A life as a robot can be painful.


2. Chapter 2

“Friday at last!” Adam Truman tossed his coat and suitcase on a chair, his smile twisting into a puzzled frown. The computer panel in the front hall was buzzing. There was a message waiting at the front door. Someone must have come by after his wife had left for school. He tapped the “play” icon, grumbling in annoyance when a Bureaucrat appeared on screen.


“Bureaucrat” was the general name for the industrial robots owned by the Collective. They did everything from putting out fires to apprehending criminals to delivering packages. This particular Bureaucrat looked rather like a large, barrel-chested man in a polished brass diving suit. It was obviously designed for muscles, rather than ascetic appeal. The Bureaucrat stared into the camera and waved awkwardly. “Good morning, Truman household. I am with the Collective Funds Department, and this is a courtesy visit to present you with your sixth and final notice of late property taxes. You have thirty days from today to pay the balance due – plus interest and fees – or your home will be sold at auction. If you have trouble vacating the premises before that time, please call us and we will be happy to assist you. Have a great day, and enjoy your weekend!”
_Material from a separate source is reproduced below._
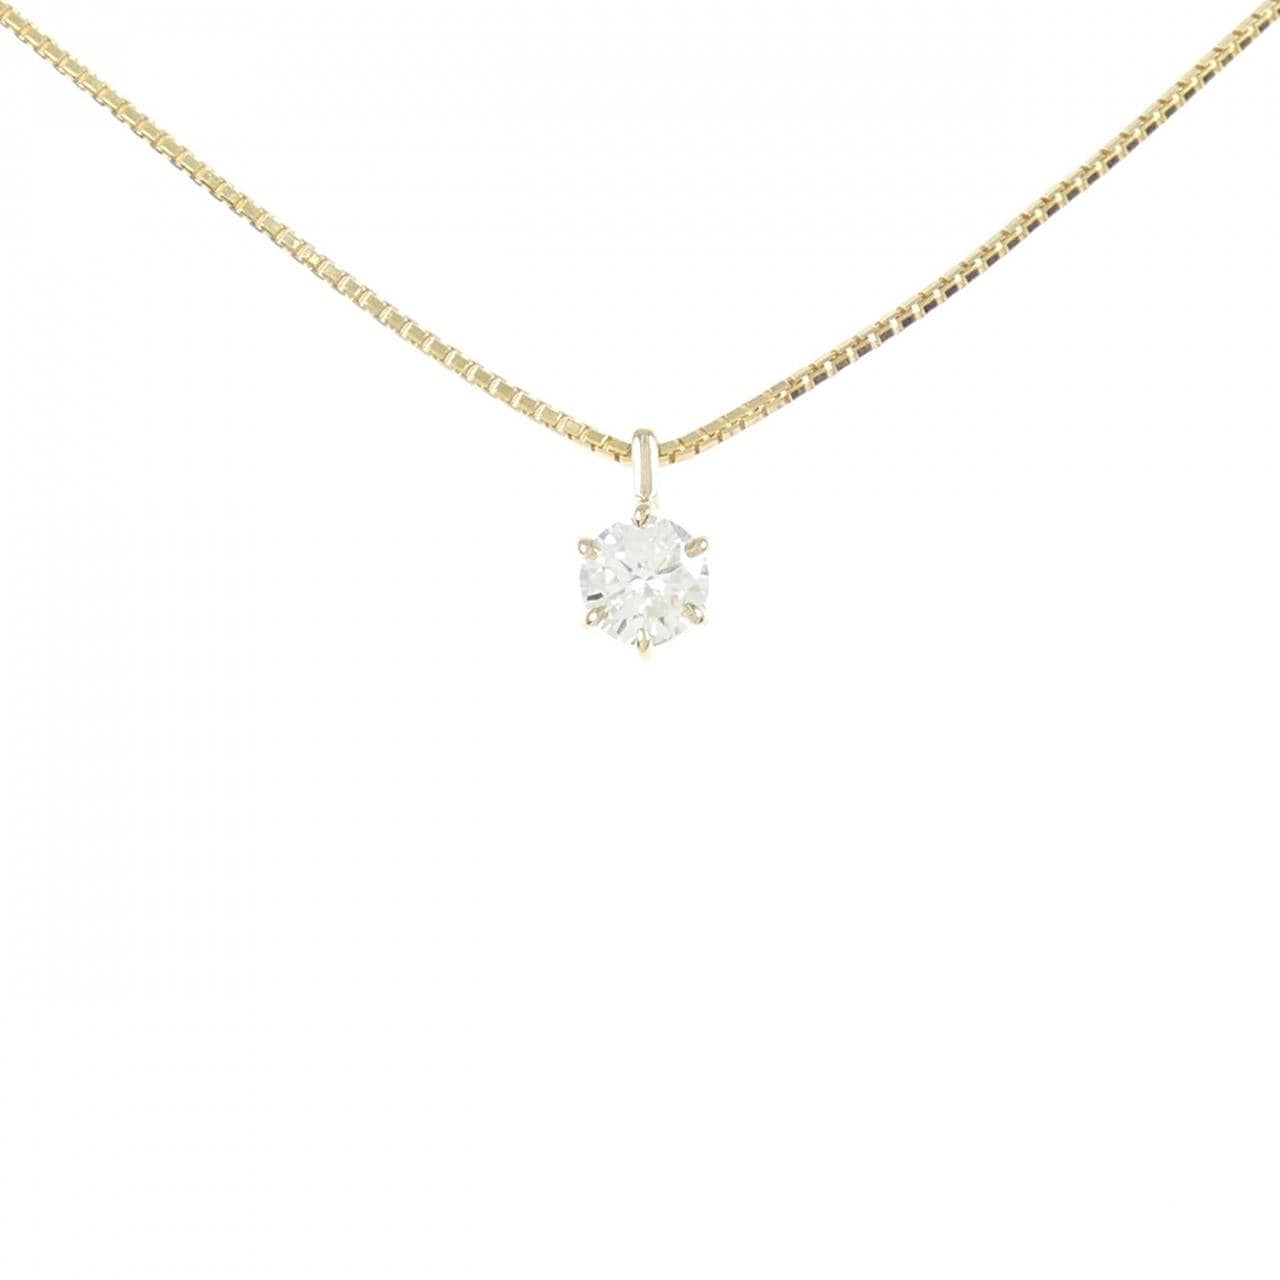 K18YG Diamond Necklace 0.447CT G VS1 Good

Despite the Bureaucrat’s friendly tone, the threat was clear: get out or else. “Well, they certainly don’t make it easy to own a house,” Adam thought. “If you rent an apartment, you can sign a five-year lease, and the landlord can’t increase your rent once. But the city Collective officers can increase your property taxes whenever they damn well please.”

He grabbed a beer from the kitchen and stepped into the living room, collapsing on the couch. The wall popped on automatically, switching to the local news. “–After days of deliberation,” a bubbly, redheaded newscaster was saying, “local Collective officers voted to build an Olympic-sized swimming pool at Goebbels Elementary School. The project will only require a ten percent increase in local taxes…”
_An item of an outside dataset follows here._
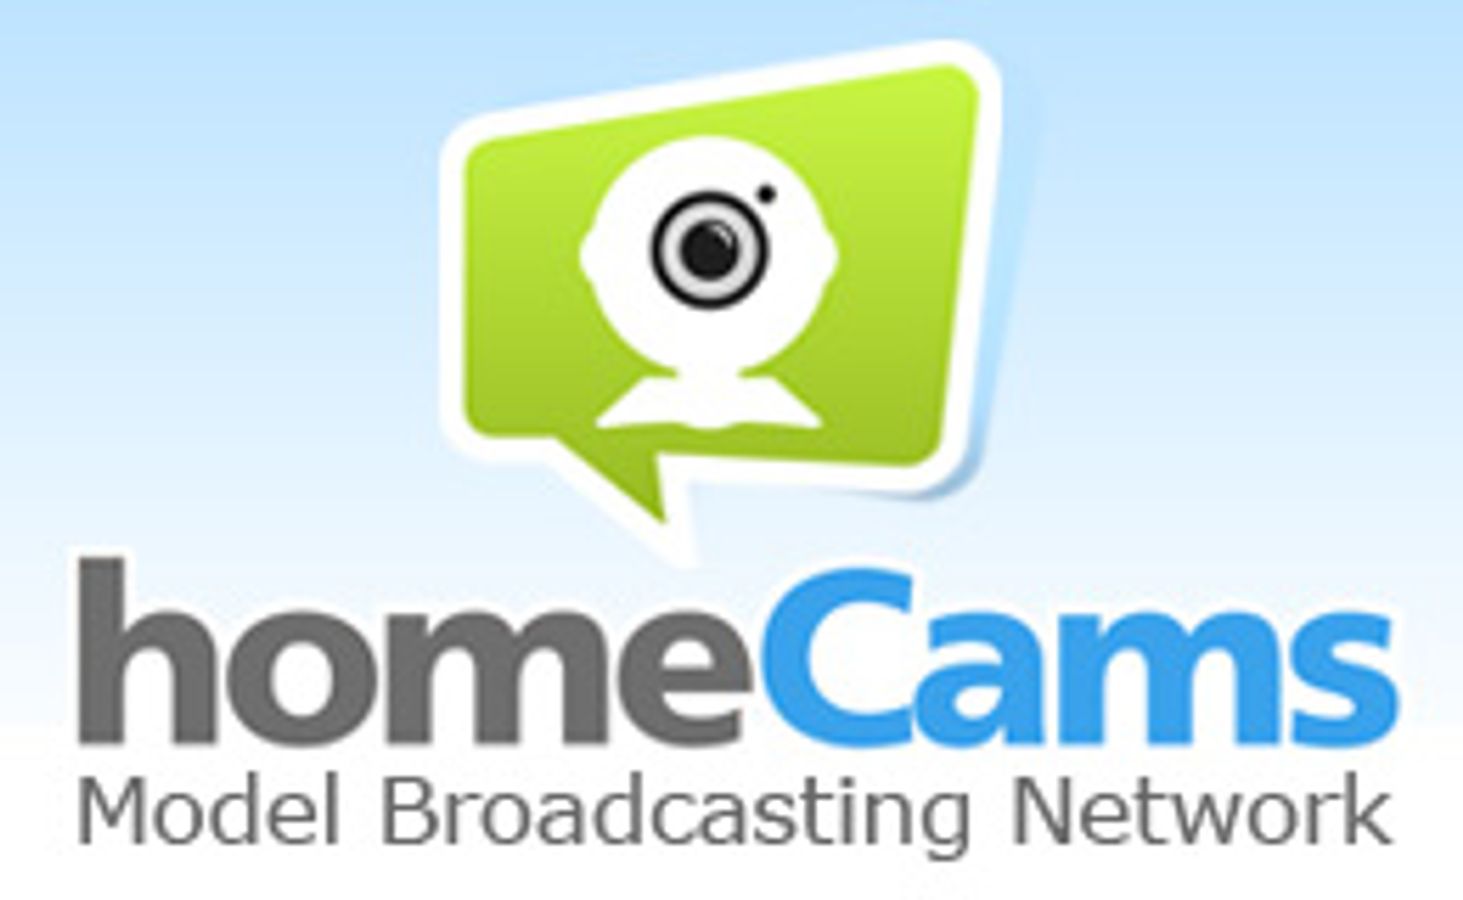 Model Broadcasting Network - Gamma

Adam hurled his beer at the computer. The plastic bottle bounced to the floor, soaking his carpet. “God, what am I going to tell Rachel? She was already making plans to turn the second bedroom into a nursery… But I told her, no, we should wait until we save some money, we can’t afford to have children right now. And we never will, if we keep having to buy the world for our neighbors’ kids.” He checked his watch. It was just after five. His wife would be home in an hour. Just enough time to get drunk.